= The Sacred Veil =

2018 composition by Eric Whitacre

The Sacred Veil is a composition for a cappella choir, piano and cello by Eric Whitacre, with lyrics by Charles Anthony Silvestri. He composed it in 2018, also including lyrics of Silvestri's wife Julie, who died of cancer and to whom the composition is dedicated. A 2022 arrangement for choir and string orchestra has been premiered, but remains unpublished to date.

== Performances ==
The work was first performed in February 2019 at the Walt Disney Concert Hall conducted by Whitacre. Other performances in the US include the Cleveland Orchestra Chorus, performing the piece in October 2023.

The European and British premiere took place in July 2019 in London.

The first performances in Australia and New Zealand were in September 2022 at the Sydney Opera House, after a two-year postponement due to the COVID pandemic, and at the Holy Trinity Cathedral, Auckland.

More European performances include the Austrian premiere in January 2022 in Vienna and the Dutch premiere, which, after being postponed from March 2020, took place in February 2023 at the Concertgebouw, Amsterdam, conducted by Whitacre. The German premiere took place at the Stadtkirche Darmstadt in December 2023.
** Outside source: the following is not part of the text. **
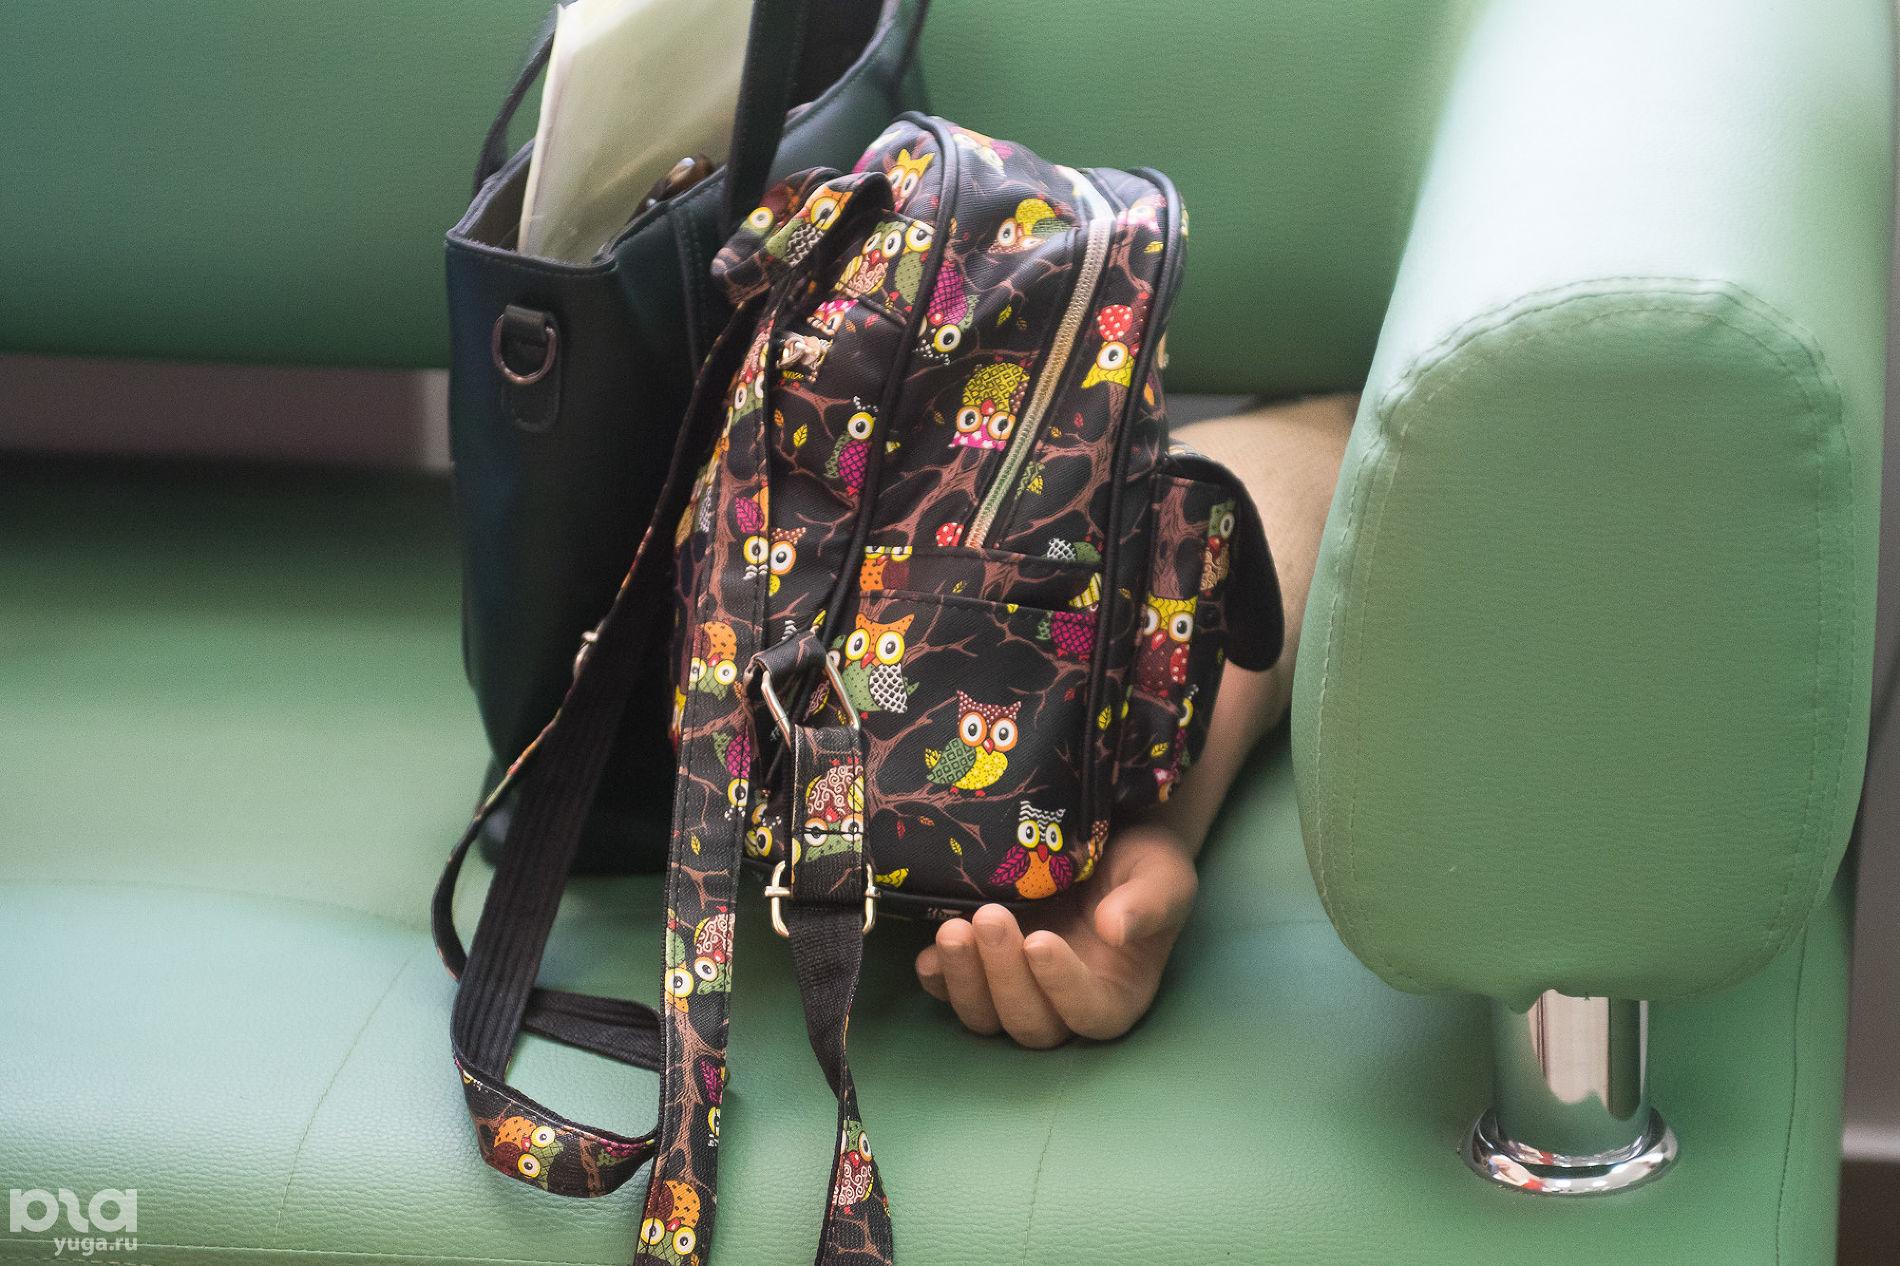 Косметический протез Даши © Фото Елены Синеок, Юга.ру

The Latin American premiere took place in May 2023 in Antigua Guatemala, with Silvestri being present as a special guest. In July 2023, the work received its Danish premiere in July 2023 in Aarhus. The first performance in Spain took place in September 2023 at the Palau de la Música Catalana in Barcelona.

A 2022 performance by Voces8 is featured on the 2023 album Home.

The Swiss premiere took place in September 2025 in a four-concert series featuring Whitacre as conductor and Silvestri as presenter. The premiere (and Whitacre's debut) in Liechtenstein was also part of the series.